There is a contemporary translation of this passage that states it this way (Good News for Mod cm Man): "There are different abilities to perform service, but it is the same God who gives ability to everyone for all services. Each one is given some proof of the Spirit's presence for the good of all."

Man, as the expression of God, actually has unlimited worth. As we gain a better understanding of this, we find the basis to express God-given confidence, assurance, and resourcefulness. We see that we're not victims of circumstance, human failings, and shortcomings. We can overcome these feelings of inferiority by replacing them with confidence, assurance, well-being, and purpose.
Questioner: This isn't always easy to do. I'm thinking, particularly, of someone who has had a long history of fighting inferiority. The very fact that he is turning to drink for support adds to his feeling of inferiority. Speaker: Here's where we have to begin to look beneath the human facade to see who man really is.

As Mary Baker Eddy, the Discoverer and Founder of Christian Science, writes in Science and Health with Key to the Scriptures (p. 262), "We cannot fathom the nature and quality of God's creation by diving into the shallows of mortal belief." If we look merely at the human picture, the apparent need for alcohol or some crutch, we're not going beneath the surface and finding man's true nature.

Mrs. Eddy goes on to say (p. 262), "We must reverse our feeble fluttering—our efforts to find life and truth in matter— and rise above the testimony of the material senses, above the mortal to the immortal idea of God." We understand God to be divine Mind, the constant source of true ability, including all the intelligence, wisdom, and right activity needed for fulfillment. God is infinite Spirit, the source of real worth and value.
Questioner: I'm wondering if you mean that one needs to realize that he already has all the intelligence, strength, fortitude, and ability needed to deal with the problems that confront him? He doesn't need any crutch because within himself are all the resources he needs. In your words, these are God-given.
Speaker: A person who is laboring under beliefs of disability, incompetence, and inferiority will believe these handicaps are very real. And what we need to do if we're going to be helpful is to reassure him that what lie thinks is real cannot control him when he changes his point of thinking and starts anew with the idea of man as free from limitations — with man as the child of God. Man created in the likeness of God, divine Mind, infinite Spirit, is the only real man. He is complete, neither inferior nor superior. He includes worth and value that can't help being fully expressed, because man actually forever expresses all that the Father imparts.

Now, what does this mean to us? Mrs.
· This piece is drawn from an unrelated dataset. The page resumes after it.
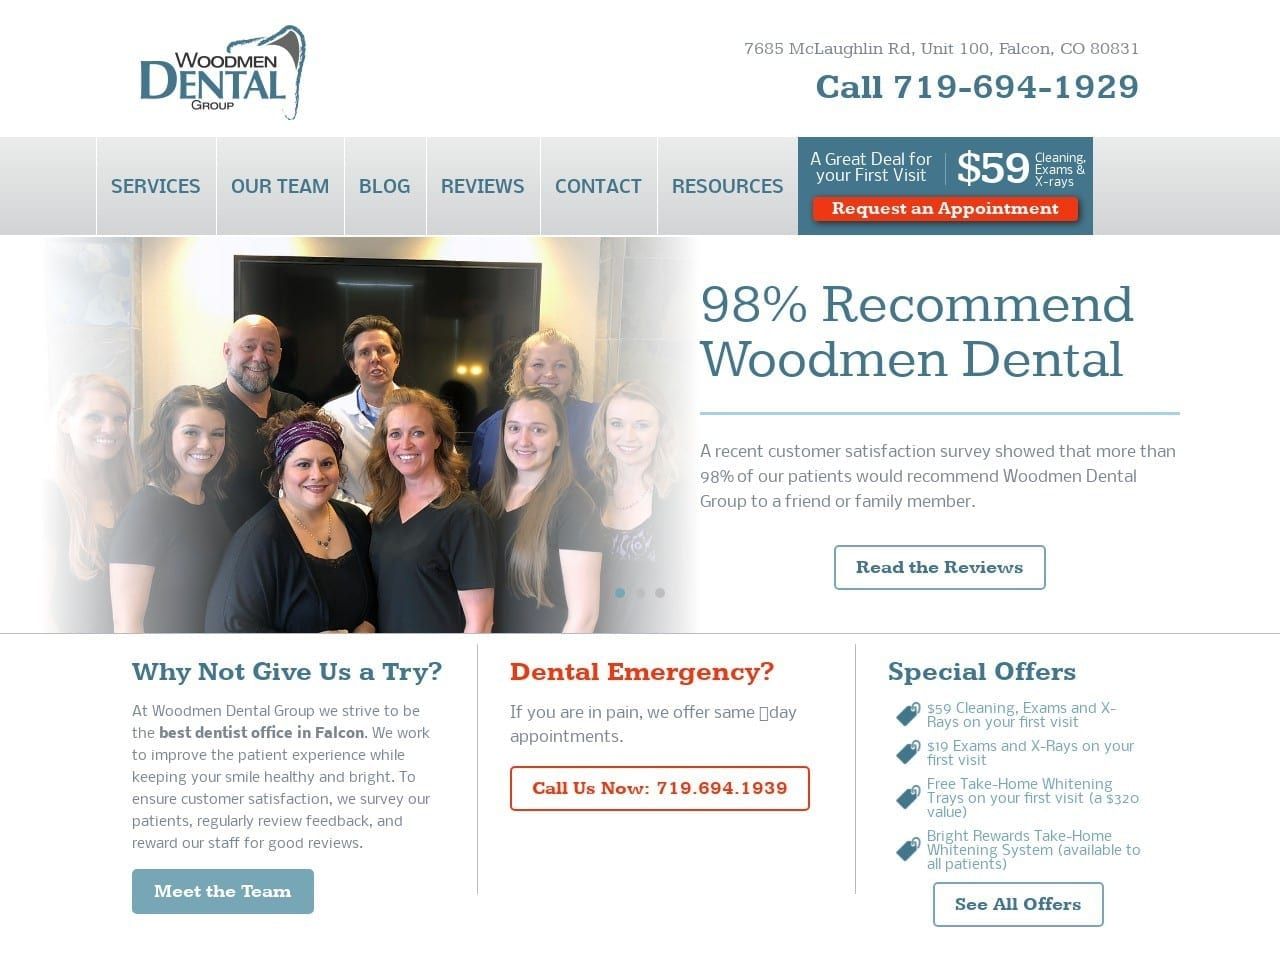 Woodmen Dental Group Website Screenshot from woodmendentalgroup.com

Eddy puts it this way in Science and Health (p. 262): "These clearer, higher views inspire the Godlike man to reach the absolute centre and circumference of his being."
Questioner: I can't help feeling that there may be someone listening to us who is saying to himself, "Well this is fine, but tomorrow I have to go and face my family or my job again, and I know that I'm just not going to be able to do it without a good drink."
Speaker: Let me share with you an experience of a man I know of who drank very heavily because he felt inferior.
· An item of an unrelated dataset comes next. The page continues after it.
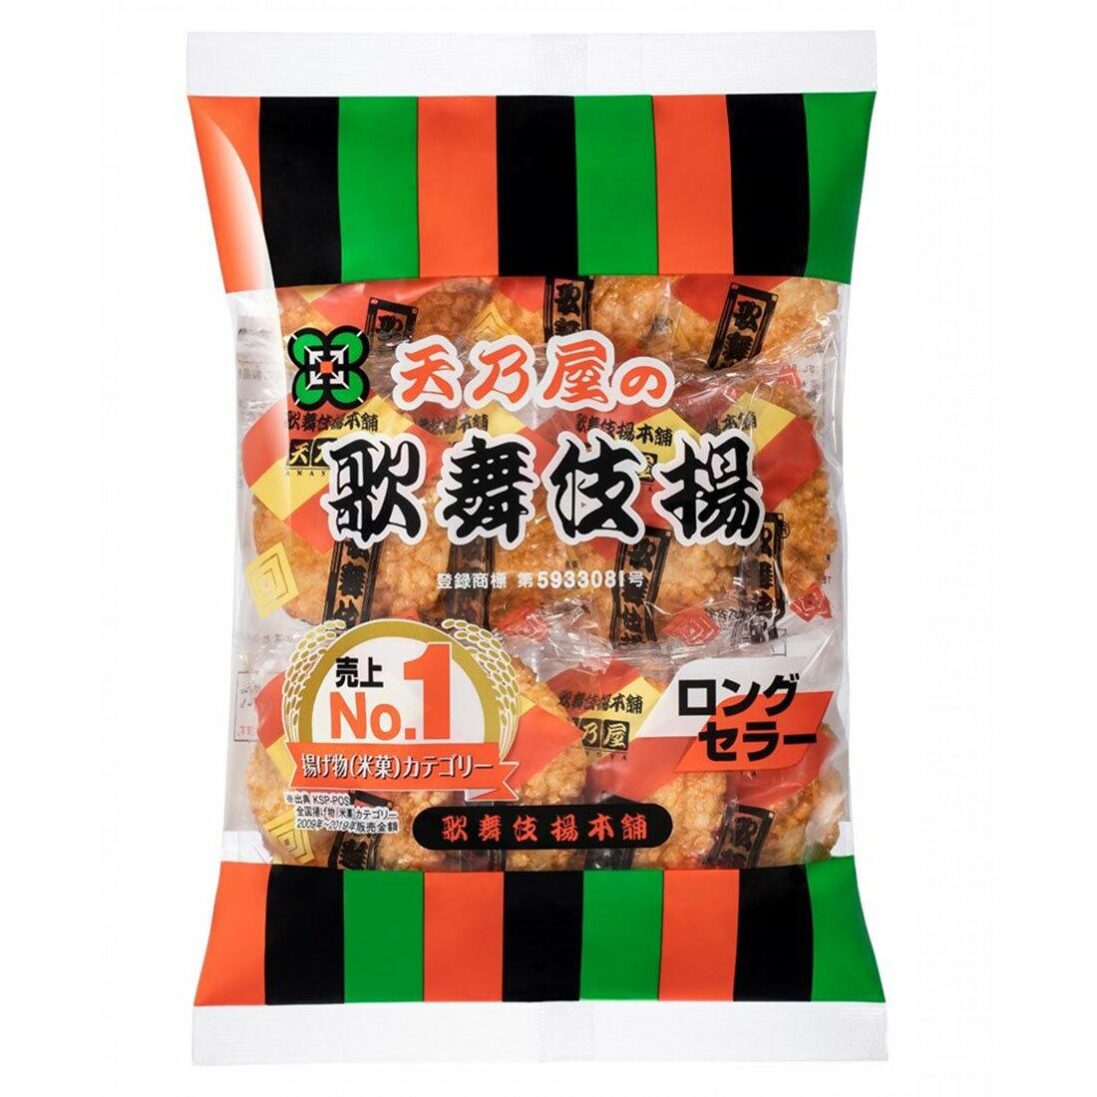 Amanoya Kabukiage Sweet Soy Sauce Rice Crackers (Pack of 5 Bags)

This fellow started drinking in his early teens as a sort of escape. He was trying to gain confidence in himself lie didn't have any self-assurance without drinking. His father only belittled him. A friend's family talked to him about Christian Science. At first he ridiculed it, but eventually he began reading the textbook, Science and Health.

He was married within a few years, and the prospects of additional family responsibilities added to his fears and lack of confidence. His drinking continued to grow. Both he and his wife realized that under these conditions the marriage could never be stable, and it certainly was not the atmosphere in which they wanted to raise their children.
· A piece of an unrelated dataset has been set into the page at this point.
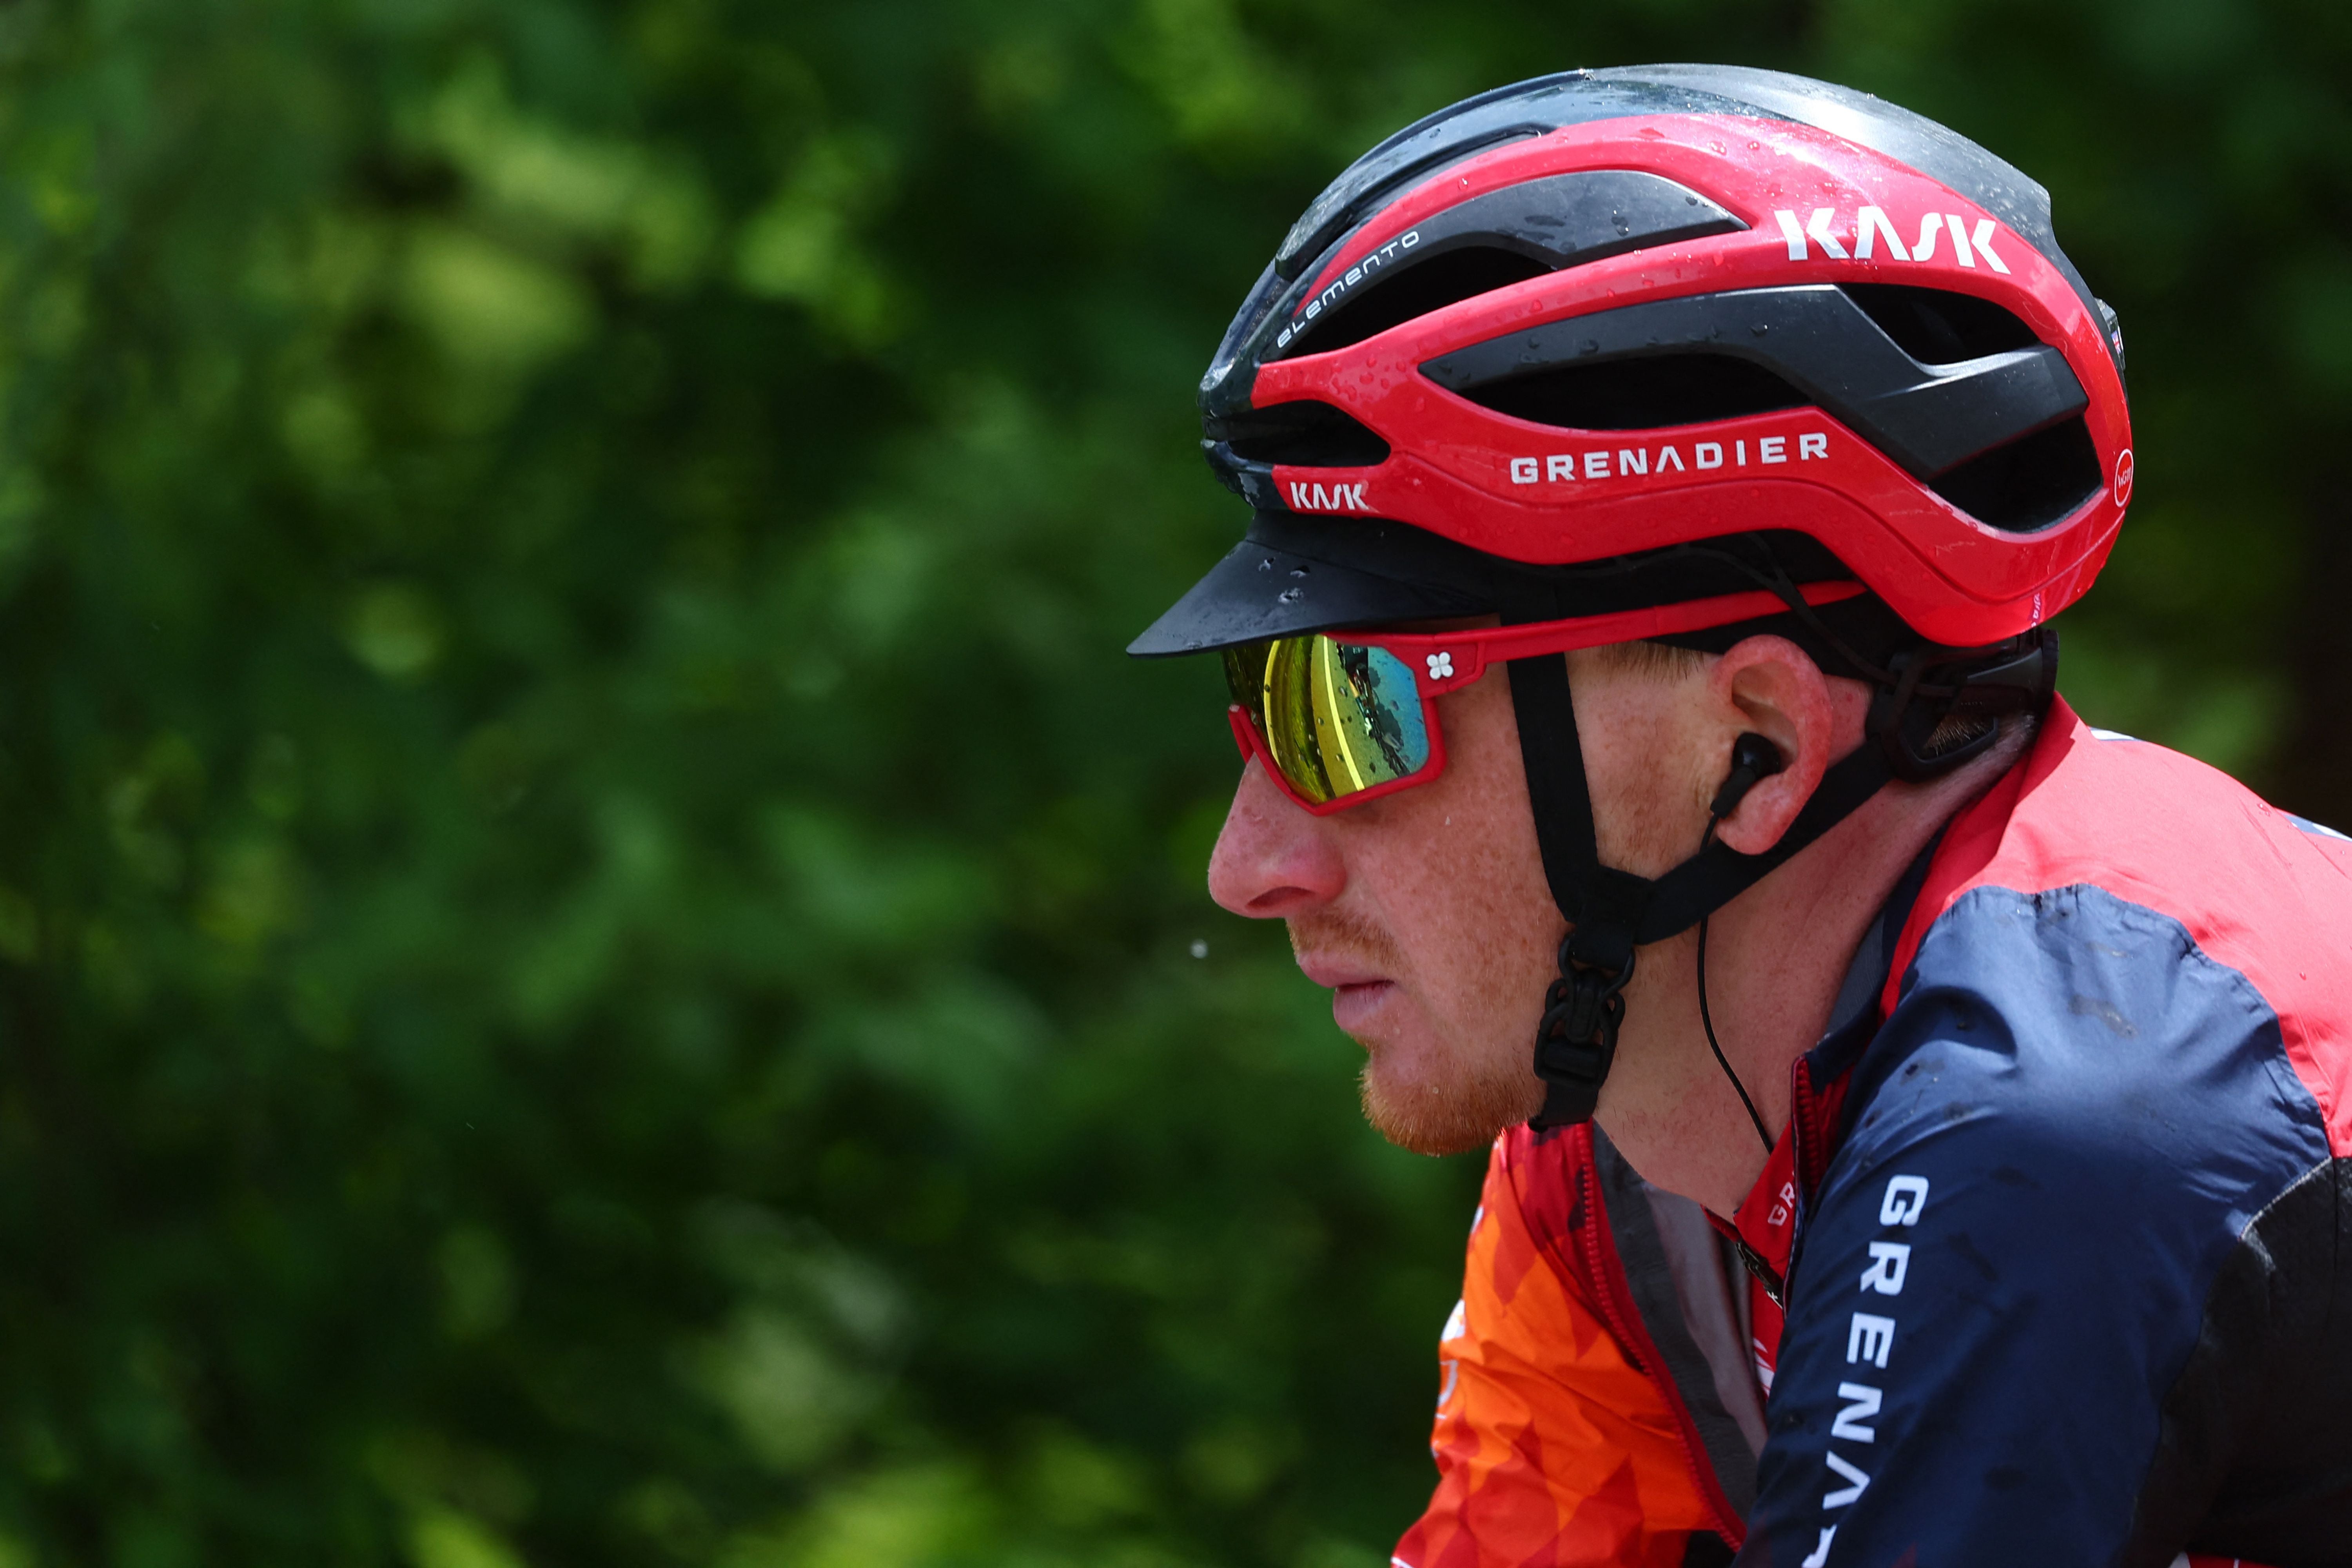 Tao Geoghegan Hart has been forced to abandon the Giro d’Italia

From his small understanding of the nature of God and man he became convinced that the only answer to his drinking problem and to his feelings of inferiority and inadequacy was to develop a deeper understanding of God. He then made the effort to go to church. He prayed to have his true nature as man revealed to him. He began to realize that all he could do in his real selfhood was to be God's expression. This was his real source of strength and help. He held to the truth of the twenty-third Psalm. He began to glimpse his true God-given ability, his true worth. For the first time in his life he had the basis to be the man God had created. This truth began to wipe out his feelings of inferiority. He felt no need for drinking, and so it ended.
Questioner: What's most striking to me as I listen to this experience and the other things we've been talking about is the idea that if one is manifesting all these Godlike qualities—intelligence, ability, confidence, and so forth—there really is no place in his lift; for any crutch, including alcohol.
Speaker: As we begin to recognize more of man's true selfhood as God's child, we have a basis for exchanging self-pity for God-given resourcefulness, weakness for God-derived strength of character, a feeling of failure for God-bestowed confidence and assurance. It is a religious experience. It enables us to express more and more of the man whom God created to be whole, sound, intact, free.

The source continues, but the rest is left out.